* _What you are asked to do_:
Please repeat the lines below, exactly and only, from the one that holds "NEOGEN DERMALOGY V.Biome Firming Cream" through the one that holds "Frankreich 1953 Vignette".

++++ Records provided

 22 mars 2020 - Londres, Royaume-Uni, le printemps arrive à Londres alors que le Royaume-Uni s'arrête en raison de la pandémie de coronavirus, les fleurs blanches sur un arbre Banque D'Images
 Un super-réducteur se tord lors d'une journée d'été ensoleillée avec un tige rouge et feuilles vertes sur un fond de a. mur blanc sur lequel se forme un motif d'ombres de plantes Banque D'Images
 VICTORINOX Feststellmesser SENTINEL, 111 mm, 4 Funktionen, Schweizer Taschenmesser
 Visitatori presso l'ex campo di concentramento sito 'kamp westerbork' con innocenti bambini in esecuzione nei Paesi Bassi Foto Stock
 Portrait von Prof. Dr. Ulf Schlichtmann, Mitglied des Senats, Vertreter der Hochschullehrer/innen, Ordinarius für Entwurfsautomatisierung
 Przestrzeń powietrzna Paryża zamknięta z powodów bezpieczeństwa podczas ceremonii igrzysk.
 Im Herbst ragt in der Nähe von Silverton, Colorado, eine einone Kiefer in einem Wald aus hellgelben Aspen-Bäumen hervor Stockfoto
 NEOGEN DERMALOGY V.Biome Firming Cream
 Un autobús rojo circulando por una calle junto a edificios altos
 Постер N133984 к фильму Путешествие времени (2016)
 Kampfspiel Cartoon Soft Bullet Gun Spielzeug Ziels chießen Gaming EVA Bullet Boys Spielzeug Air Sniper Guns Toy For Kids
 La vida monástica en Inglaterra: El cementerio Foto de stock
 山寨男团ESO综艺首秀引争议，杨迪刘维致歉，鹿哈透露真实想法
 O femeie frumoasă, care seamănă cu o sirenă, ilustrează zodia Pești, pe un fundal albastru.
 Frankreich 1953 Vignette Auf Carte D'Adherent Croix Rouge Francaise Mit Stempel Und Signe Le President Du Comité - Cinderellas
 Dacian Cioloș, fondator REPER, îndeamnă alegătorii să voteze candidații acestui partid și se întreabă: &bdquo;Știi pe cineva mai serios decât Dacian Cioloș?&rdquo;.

++++++++

* _Solution to this exercise_:
 NEOGEN DERMALOGY V.Biome Firming Cream
 Un autobús rojo circulando por una calle junto a edificios altos
 Постер N133984 к фильму Путешествие времени (2016)
 Kampfspiel Cartoon Soft Bullet Gun Spielzeug Ziels chießen Gaming EVA Bullet Boys Spielzeug Air Sniper Guns Toy For Kids
 La vida monástica en Inglaterra: El cementerio Foto de stock
 山寨男团ESO综艺首秀引争议，杨迪刘维致歉，鹿哈透露真实想法
 O femeie frumoasă, care seamănă cu o sirenă, ilustrează zodia Pești, pe un fundal albastru.
 Frankreich 1953 Vignette Auf Carte D'Adherent Croix Rouge Francaise Mit Stempel Und Signe Le President Du Comité - Cinderellas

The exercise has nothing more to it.